A Barnet shop owner has been fined after selling a kitchen knife to an undercover 15-year-old during a Trading Standards operation in Hendon.
Mustafa Deger, owner of the convenience and household goods shop Good for You at 114 Brent Street, Hendon, pleaded guilty at Willesden Magistrates Court in May. He was ordered to pay fines totalling £4,100 after Barnet Council brought the prosecution.
The sale took place during an undercover test purchase in December 2025. The legal age to buy a knife in the UK is 18, and councils can take enforcement action when retailers sell knives or other age-restricted products to children.
Undercover knife sale on Brent Street
Barnet Council said the case followed test purchasing visits carried out by its Trading Standards team across the borough as part of Operation Sceptre.
During those visits, police cadets were tasked with attempting to buy a knife from local businesses. One of those attempts resulted in the kitchen knife being sold to the undercover 15-year-old at Good for You in Hendon.
The prosecution means the case has moved beyond a warning or advice visit. Deger admitted the offence in court and was ordered to pay a total of £4,100.
For residents in Hendon and the wider Barnet area, the case is a reminder that age-restricted sales are treated as a community safety matter, not just a licensing or retail compliance issue. Knives sold to under-18s can quickly become part of wider concerns around youth violence, possession in public places and unsafe access to bladed items.

Council says businesses had already received advice
Barnet Council said local businesses had previously been visited by Trading Standards officers to advise them on the correct storage and sale of knives.
That advice included sales techniques and the need for businesses to have a due diligence defence in place. In practical terms, retailers are expected to take reasonable steps to prevent unlawful sales, such as checking age, training staff and controlling how knives are displayed or handed over.
Cllr Sara Conway, Cabinet Member for Community Safety and Chair of the Safer Communities Partnership, said the prosecution sent “a clear message” that the council would act against businesses found to be breaking the law and compromising resident safety.
She said the case was “another good result” for Trading Standards and its long-running partnership with local police cadets.

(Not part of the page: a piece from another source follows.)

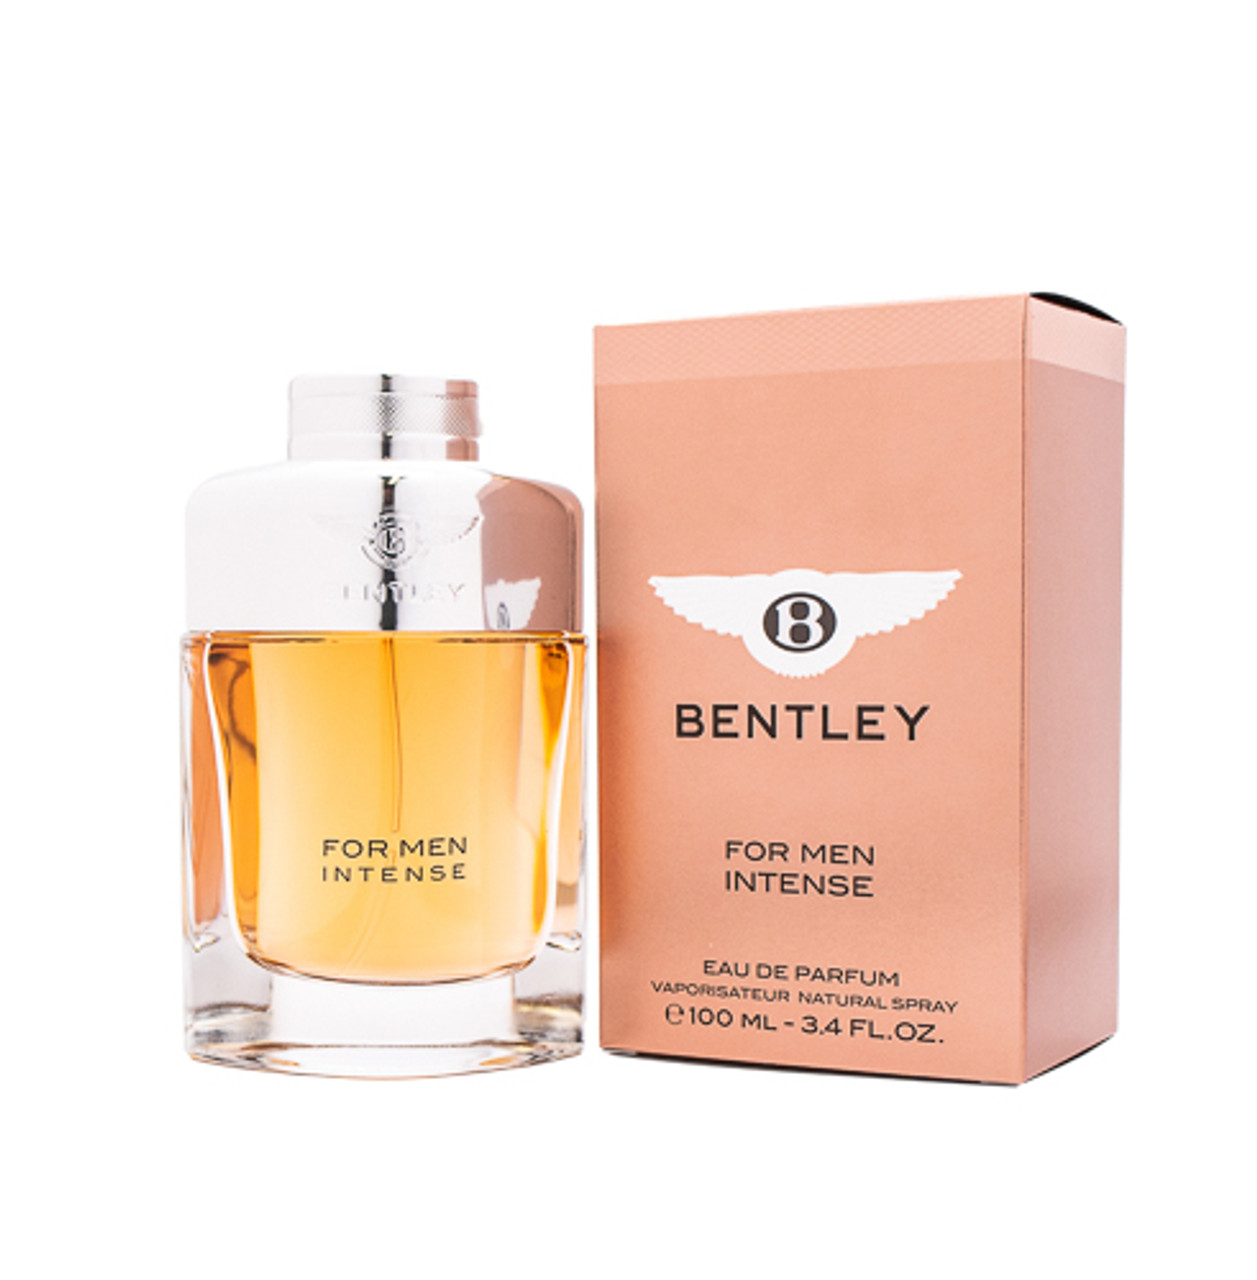 Bentley For Men Intense - Perfume Decant – Decoris Amora Perfume
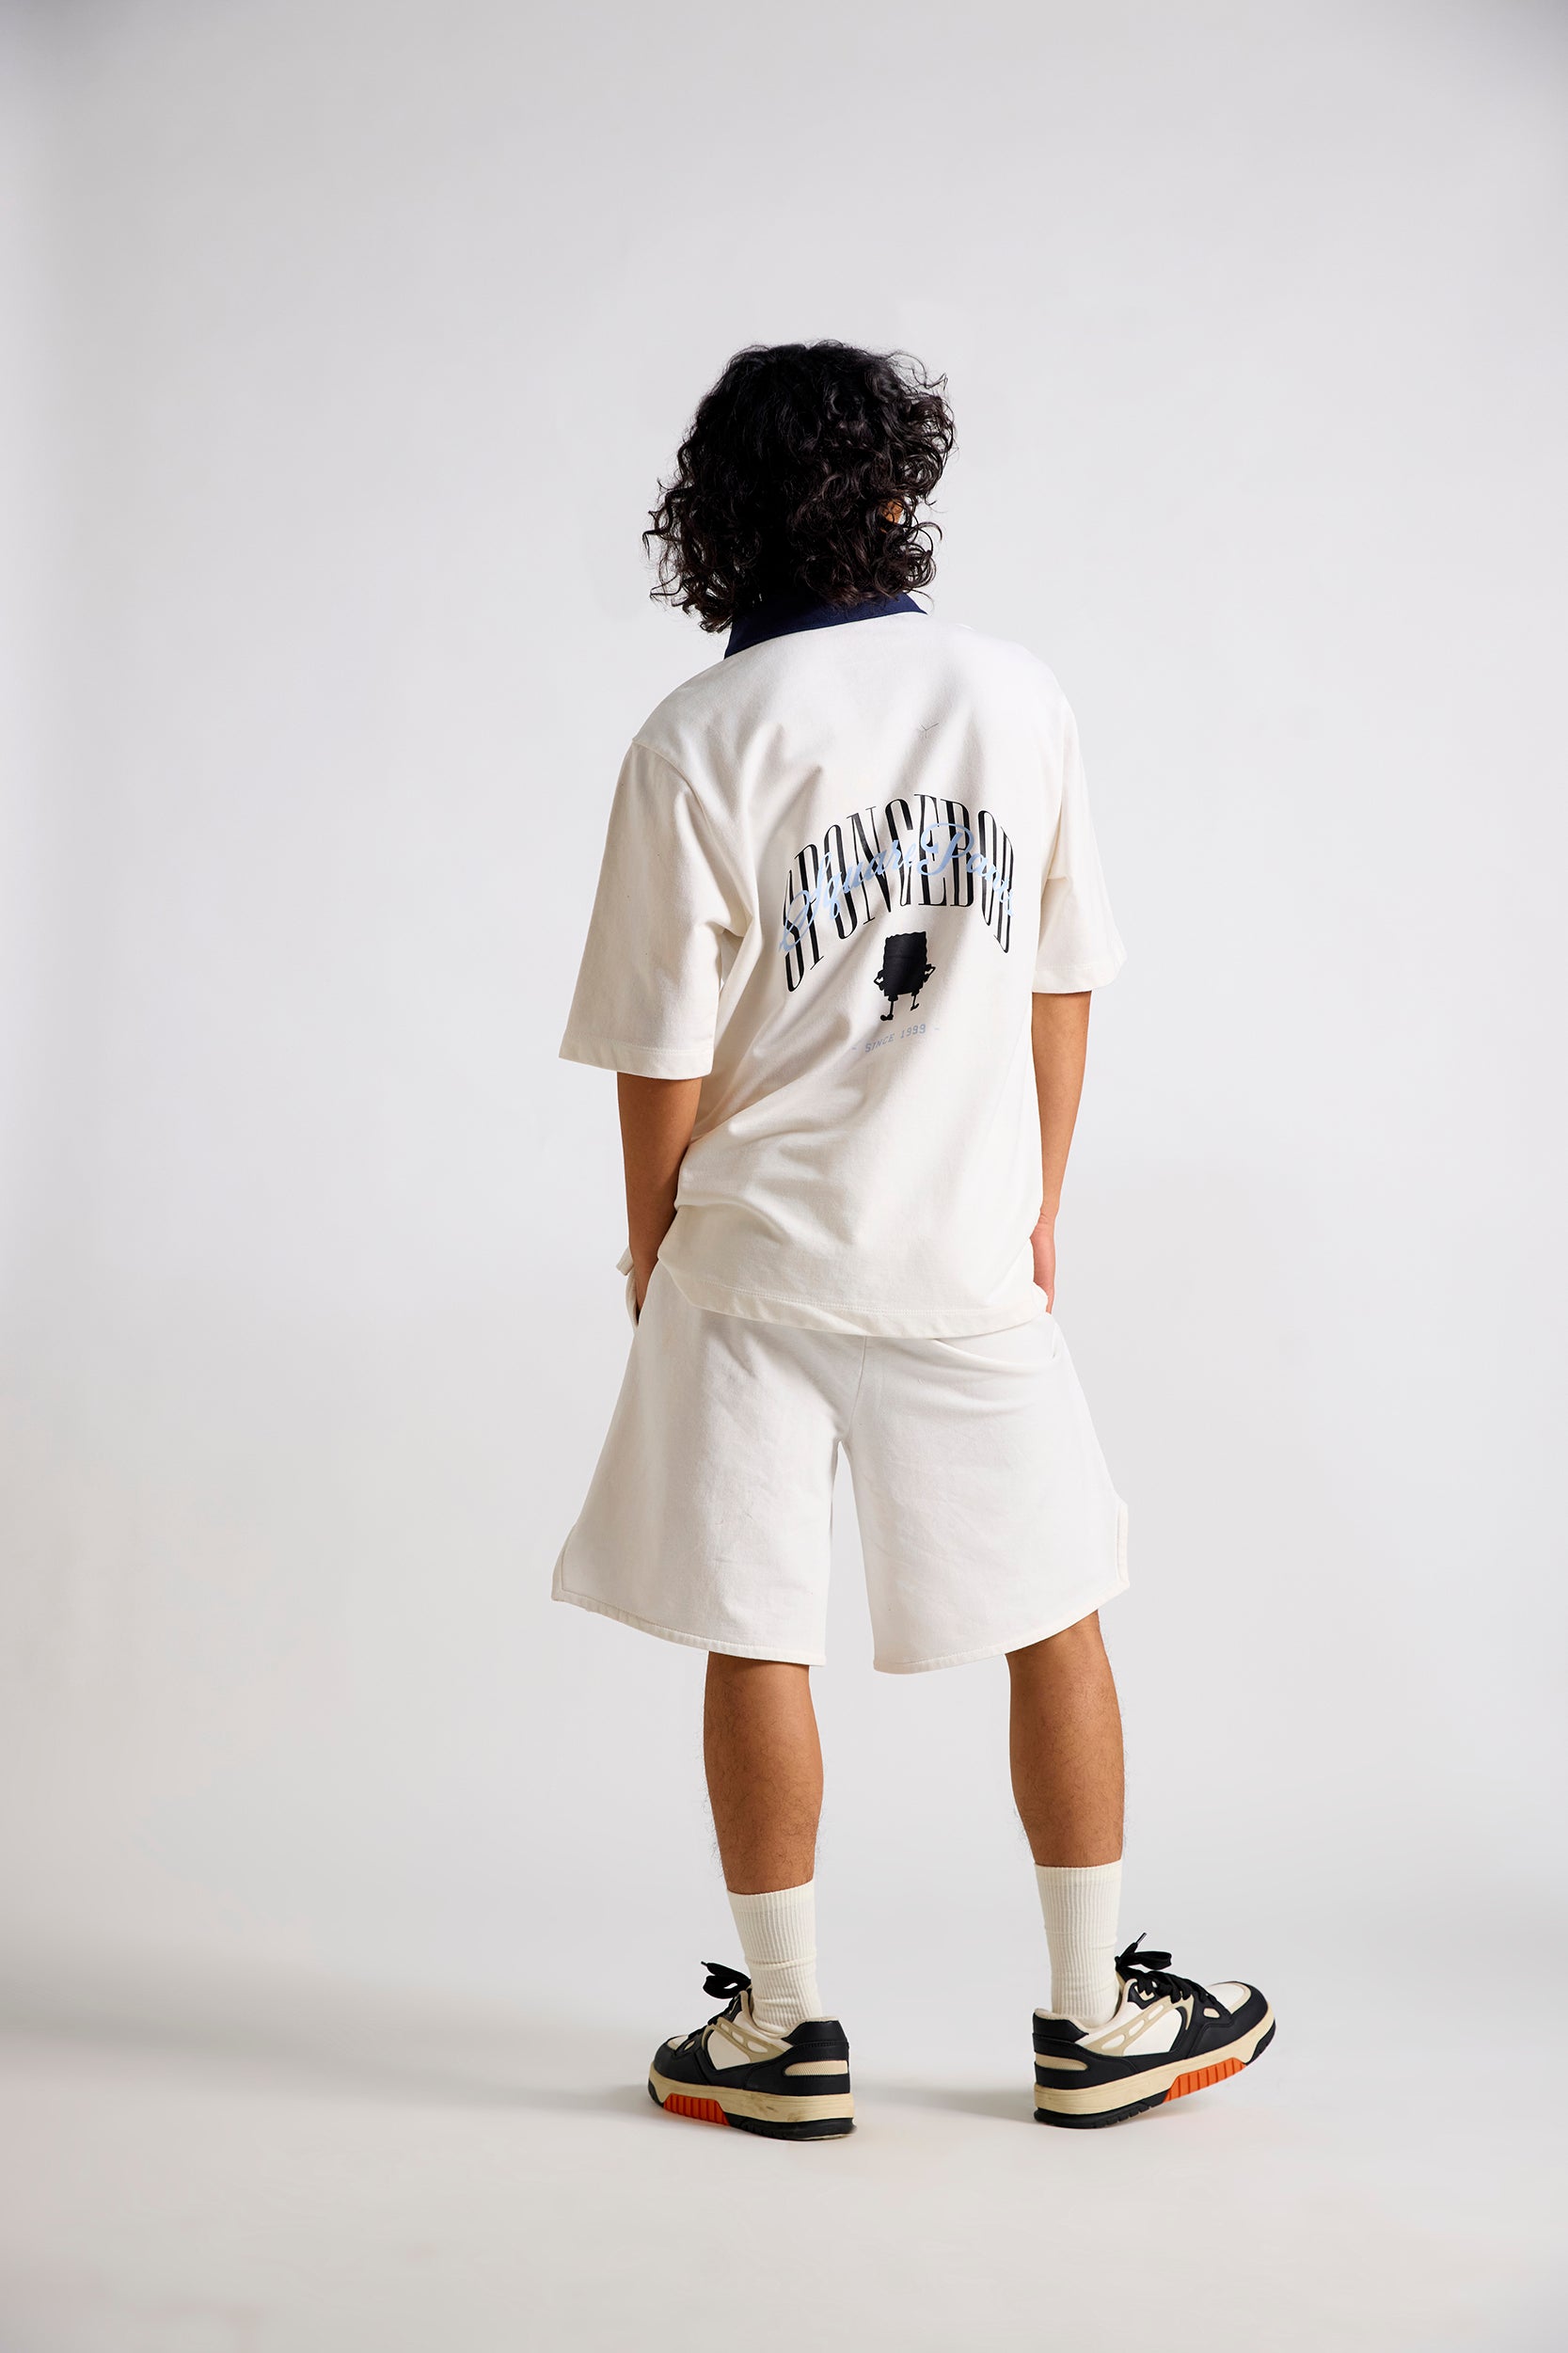 Spongebob:Typographic Printed Men's Polo T-shirt and Shorts Set

“Barnet’s community safety partnership is committed to protecting our communities, and ensuring businesses operate within the law,” she said.
Operation Sceptre and knife crime prevention
Operation Sceptre is a wider enforcement and prevention initiative focused on knife crime. In Barnet, the council’s role has included test purchasing, retailer advice and safer disposal options for knives and bladed weapons.

Last year, Barnet Council introduced a permanent knife surrender bin on Bunns Lane, NW7. It also placed a one-day mobile bin in the borough as part of a London-wide initiative funded by the Home Office.
The bins are designed to give people a safe and anonymous way to dispose of knives and other bladed weapons. They are intended for residents who want to remove knives from circulation without handing them directly to police or another authority.
The council’s guidance is that anyone disposing of a knife should first wrap it in several layers of cardboard or paper, then secure it with sticky tape so the blade is fully protected and the knife cannot easily be removed.
Although carrying a knife in a public place is an offence, the council says it is considered reasonable to carry one directly to a knife surrender bin if it has been wrapped safely in that way.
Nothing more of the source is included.